If They Let You Down ... Let Them Go
Not every investment will make you rich or recover your losses. If you’ve been let down over the past year or two – or five, we don’t judge – it might be time to cut them loose. Loss aversion (the tendency to be excessively fearful of experiencing losses relative to gains and relative to a reference point) is one of the main biases people have in their financial lives. However, if you cut your losses, those assets could be reallocated to an investment that makes financial sense. Selling a bad investment is probably much easier than deciding to walk away from a bad romantic situation.
Don’t Rush Into Things
If it’s the right one, you will not miss out by taking your time. Fighting your FOMO is important, and one way you can do this is by slowing down decision-making process by setting up “speed bumps”. These help us avoid impulsive decisions and let us take a step back from our emotions.
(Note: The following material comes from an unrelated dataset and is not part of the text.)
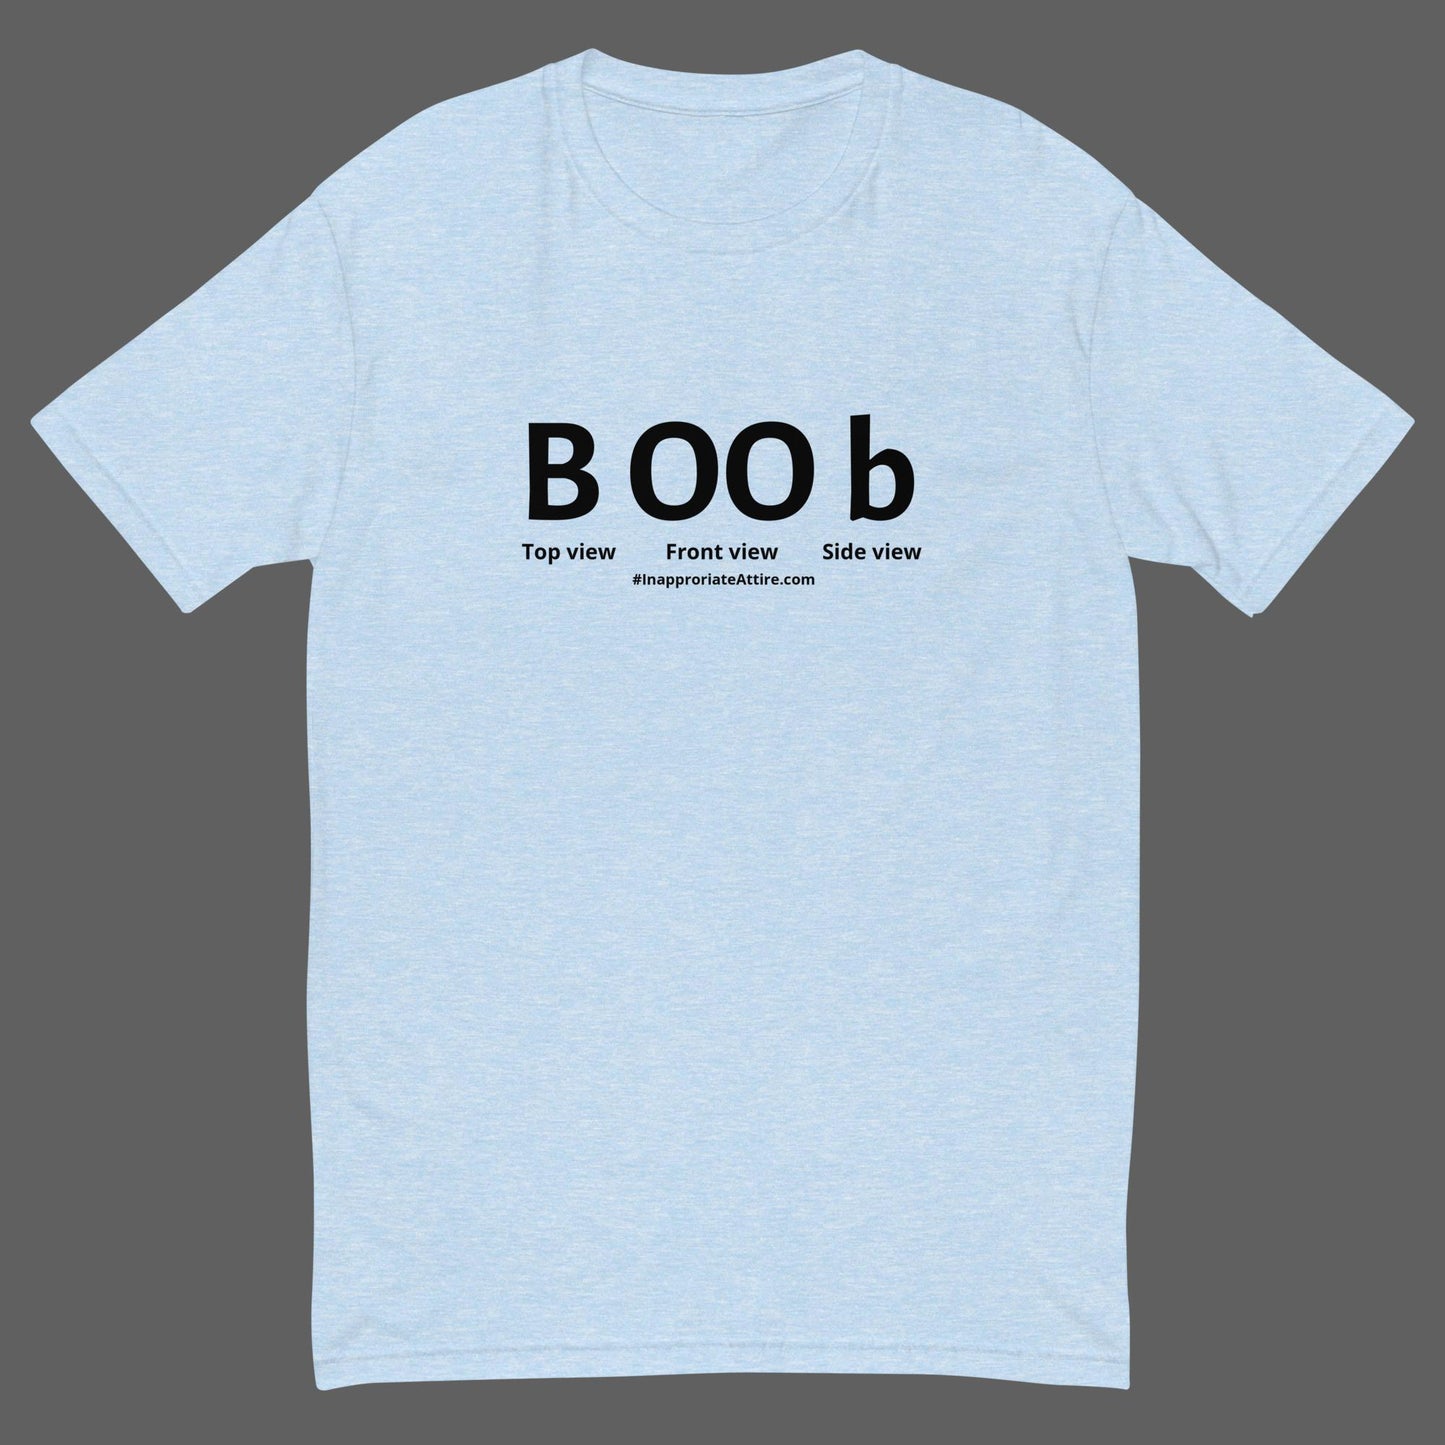 Boob view T-shirt

For example, work to create a three-day wait rule before you buy or sell a stock (where you can’t act on a decision for three days).
Don’t Let Strangers Make Your Decisions
It goes without saying that if someone tells you to put all your savings in one stock, you should think twice. Taking advice from social media rarely works in the long run, and if a guy on Tinder tells you to send him money, say no. Social media may not be the best place to get investment advice - or meet "The One".
There’s Plenty of Fish in the Sea
Lastly, the market is ever developing. Just because one investment turned sour does not mean that your next one will, if you take the time to explore your options and do your research. But importantly – investing should also be fun. Good luck!